Wildcard is not looking for a researcher to hide in a lab, nor a full-stack developer to simply maintain a codebase. The role of Founding Applied ML Engineer is designed to be the "engine" of the company.
Bridging the Gap
The ideal candidate will be expected to move fluidly between product engineering, infrastructure, and applied machine learning. The core responsibilities include:
- Ranking and Attribution: Developing models that explain not just where a product appears, but why it ranks the way it does in various agent outputs.
- Reliability Engineering: Building systems that ensure the AI outputs are consistent, verifiable, and trustworthy for brand managers.
- Automation Loops: Creating self-optimizing pipelines that ingest retail data and output actionable adjustments, effectively closing the loop between consumer discovery and business outcomes.
The "High-Agency" Requirement
In the words of the company, this is "Engineer #1." This individual will not be executing a pre-defined roadmap; they will be helping to draft it. The candidate must be comfortable with the ambiguity of a rapidly changing market where the underlying protocols for AI shopping are being written in real-time. Proficiency with AI coding tools is mandatory, but the company emphasizes that these tools should be used to accelerate development, not replace human judgment.
Official Perspective: A Vision for the Future
When asked about the philosophy behind this hire, Kaushik Mahorker emphasizes the practical nature of the work. "You will not spend months optimizing one narrow model in isolation," he states. Instead, the engineer will experience the full lifecycle of a product: from the ingestion of messy, disparate data sets to the deployment of production-grade systems, and finally, witnessing the tangible impact on a brand’s bottom line.
The vision is for the Founding Engineer to have a seat at the table where the company’s technical trajectory is decided. This is a role for a builder who wants to point to a specific feature, a specific ranking algorithm, or a specific automation loop and identify it as the reason why Wildcard wins in the marketplace.
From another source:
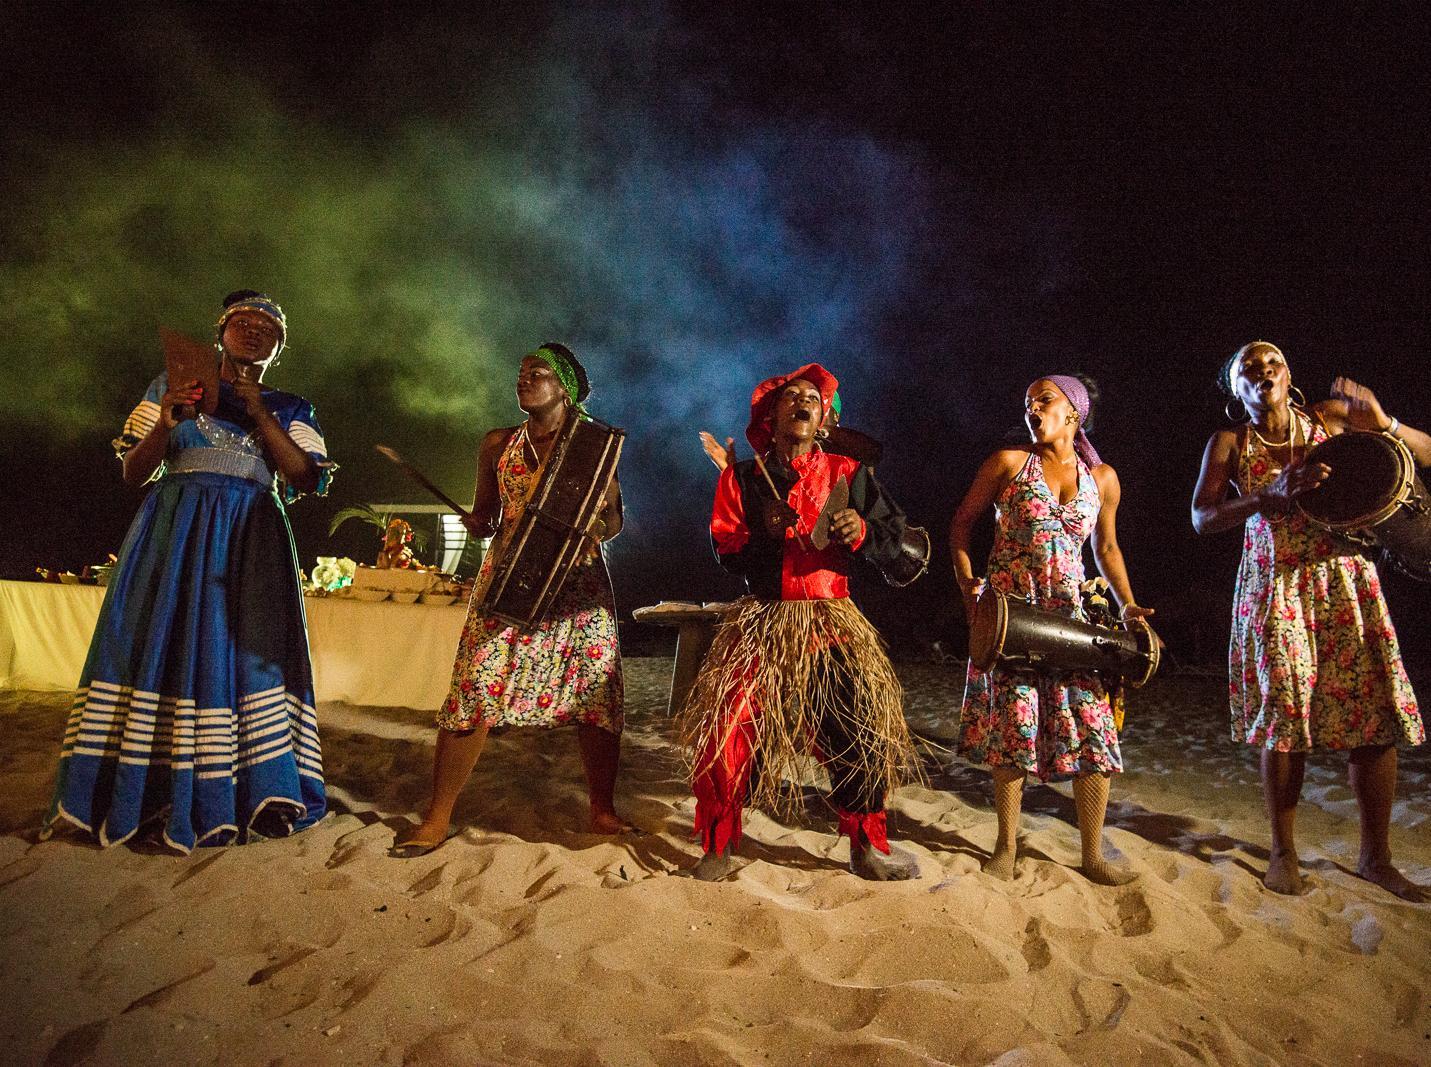 bodas-rustico-playa-cuba-6822.jpg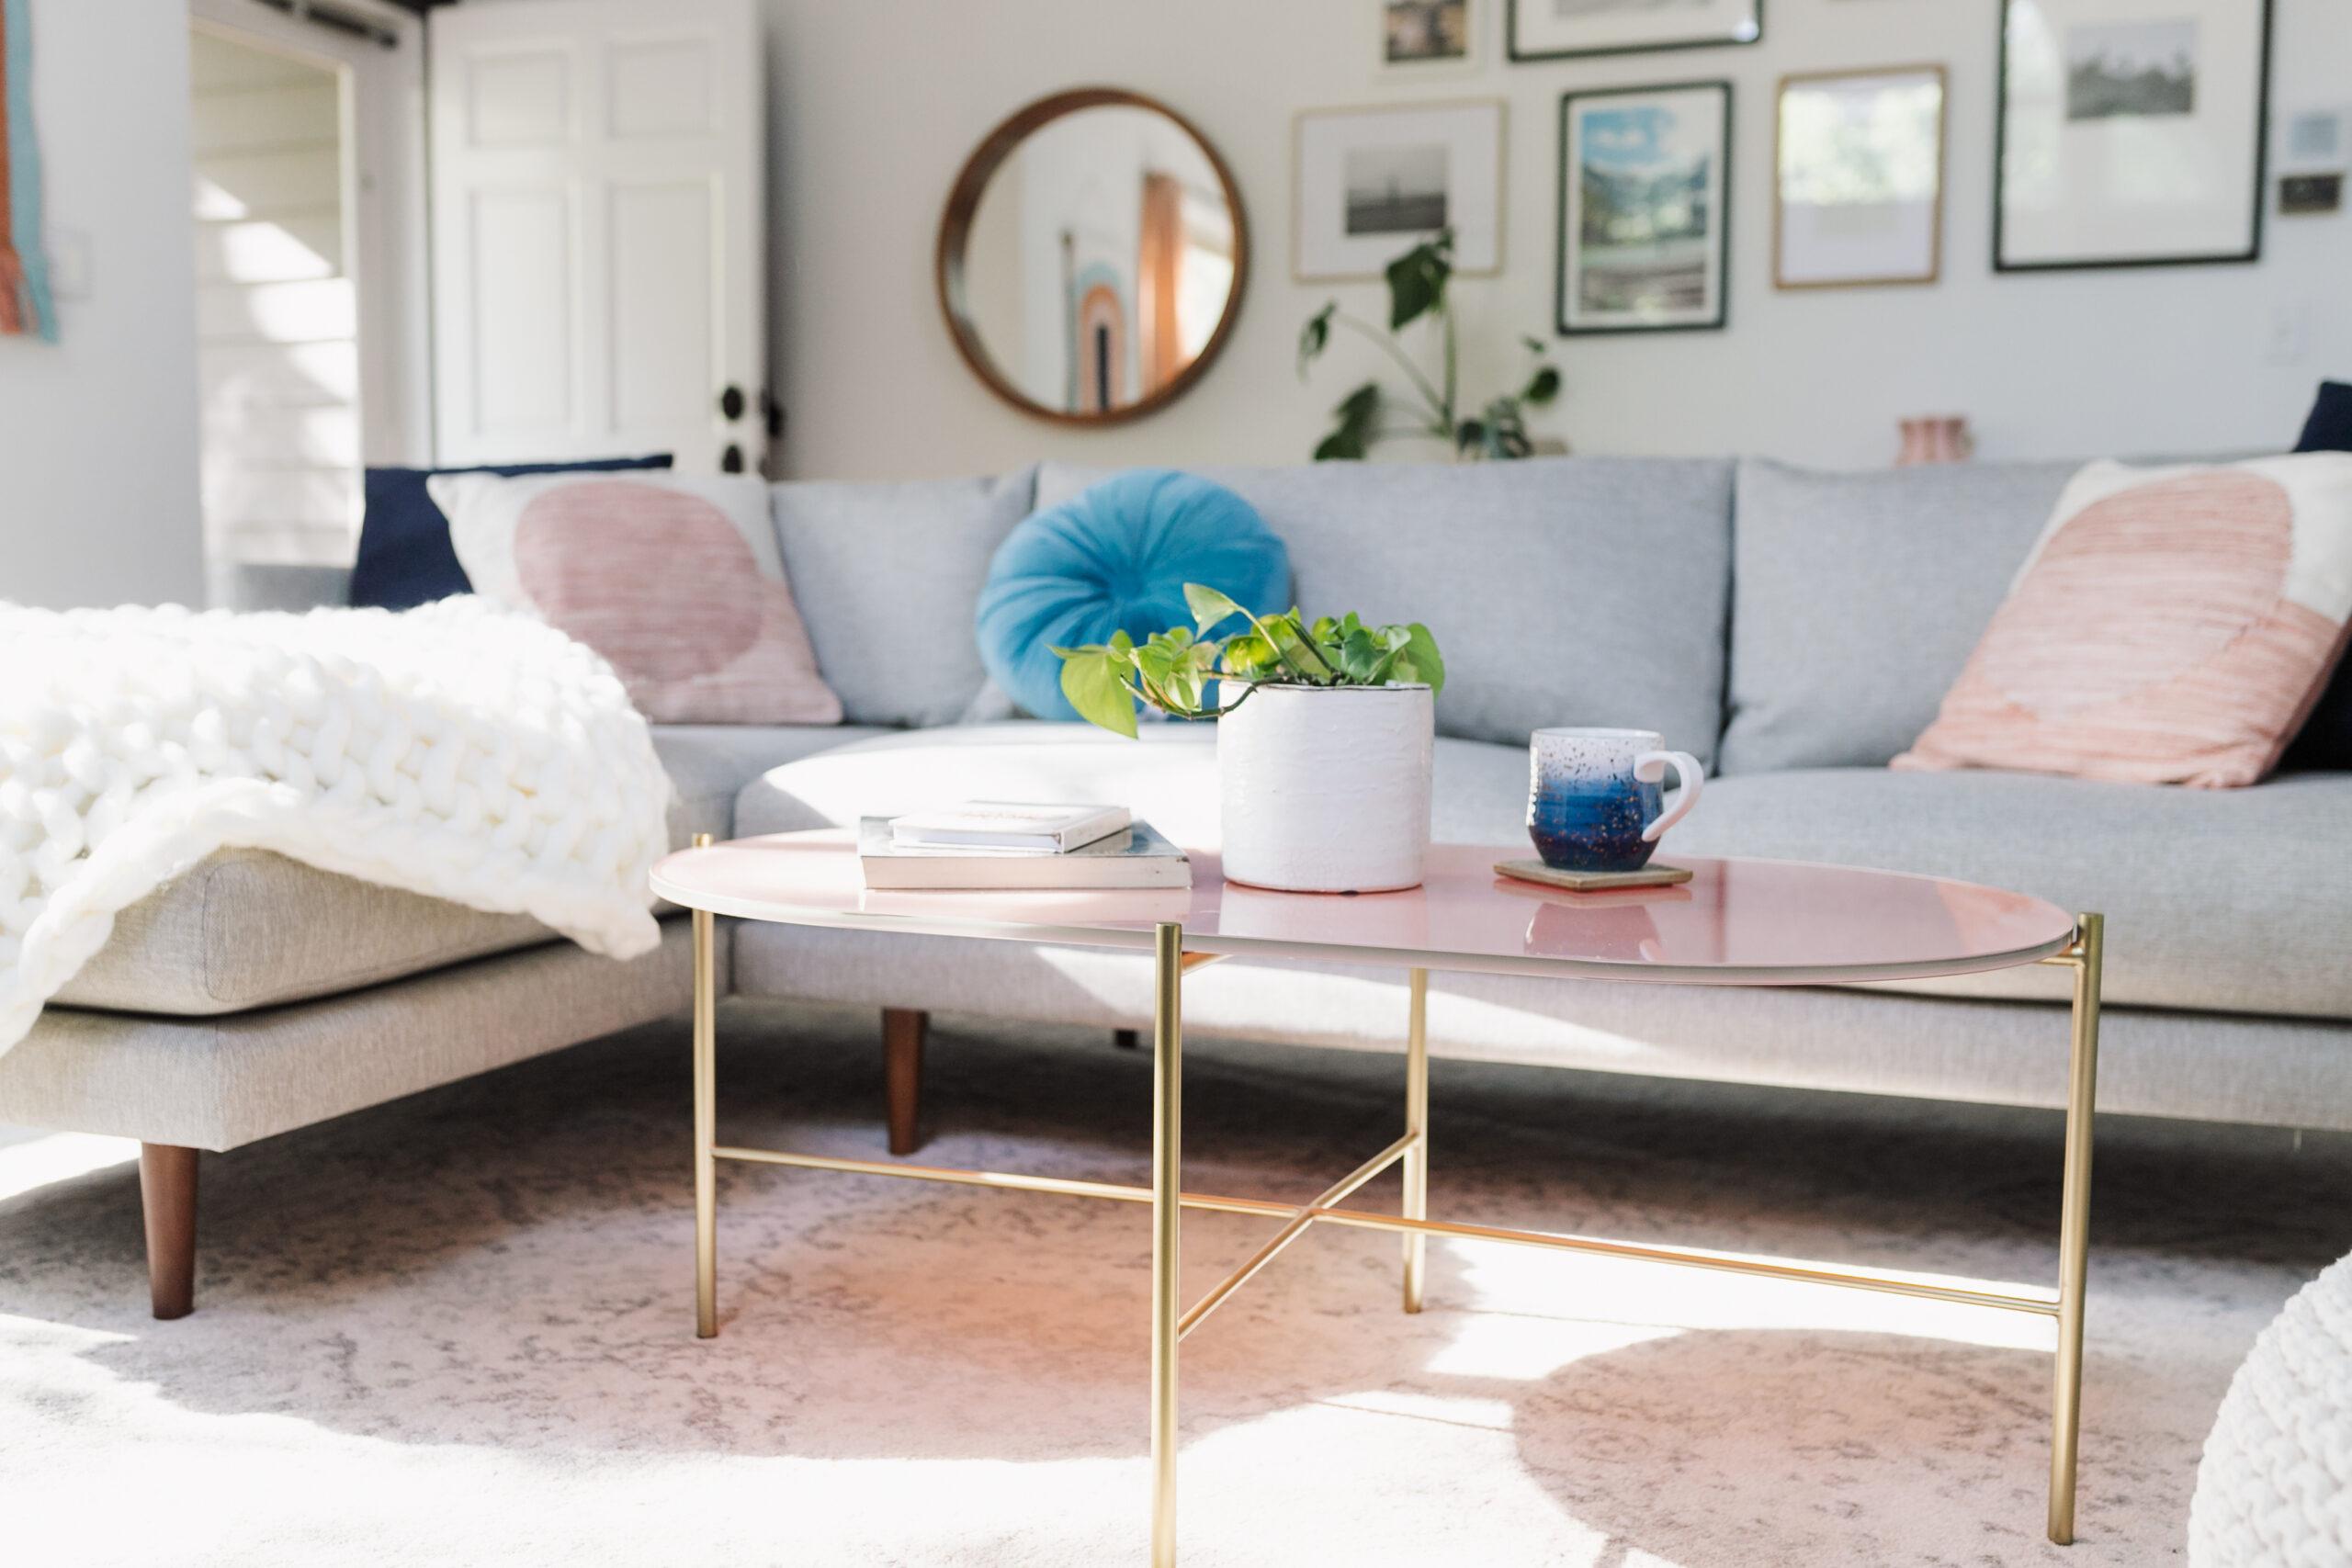 details on this space inside the modern mountain living room near aspen, colorado #aspenco #aspen #secondhome #mountainhome #modernlivingroom

Implications for the Future of Retail
The launch of Wildcard’s platform and the search for this founding engineer have broader implications for the future of the internet economy:
- The Death of Traditional SEO: As AI agents become the primary gatekeepers of consumer intent, the historical reliance on keywords will diminish. Companies that fail to adapt their data structures to be "agent-readable" risk disappearing from the digital shelf.
- The Rise of Agentic Attribution: The industry is currently struggling with "black box" discovery. If an AI agent recommends a competitor’s product, the brand needs to know if it was due to a data deficiency, a pricing error, or a sentiment misalignment. Wildcard’s focus on attribution is the first step toward bringing transparency to this ecosystem.
- The New Engineering Stack: The role highlights a shift in what companies value. It is no longer enough to be a "backend" or "frontend" engineer. The new gold standard is the "Applied ML Engineer"—someone who understands the infrastructure of software, the logic of business, and the nuance of machine learning, all under one roof.
As Wildcard continues its rapid ascent, the hiring of this founding engineer will be a critical inflection point. The individual who steps into this role will not only be building a platform; they will be setting the standards for how retail brands interact with the artificial intelligence that is increasingly defining our commercial reality. The opportunity is not just in writing code—it is in building the infrastructure for the next generation of global commerce.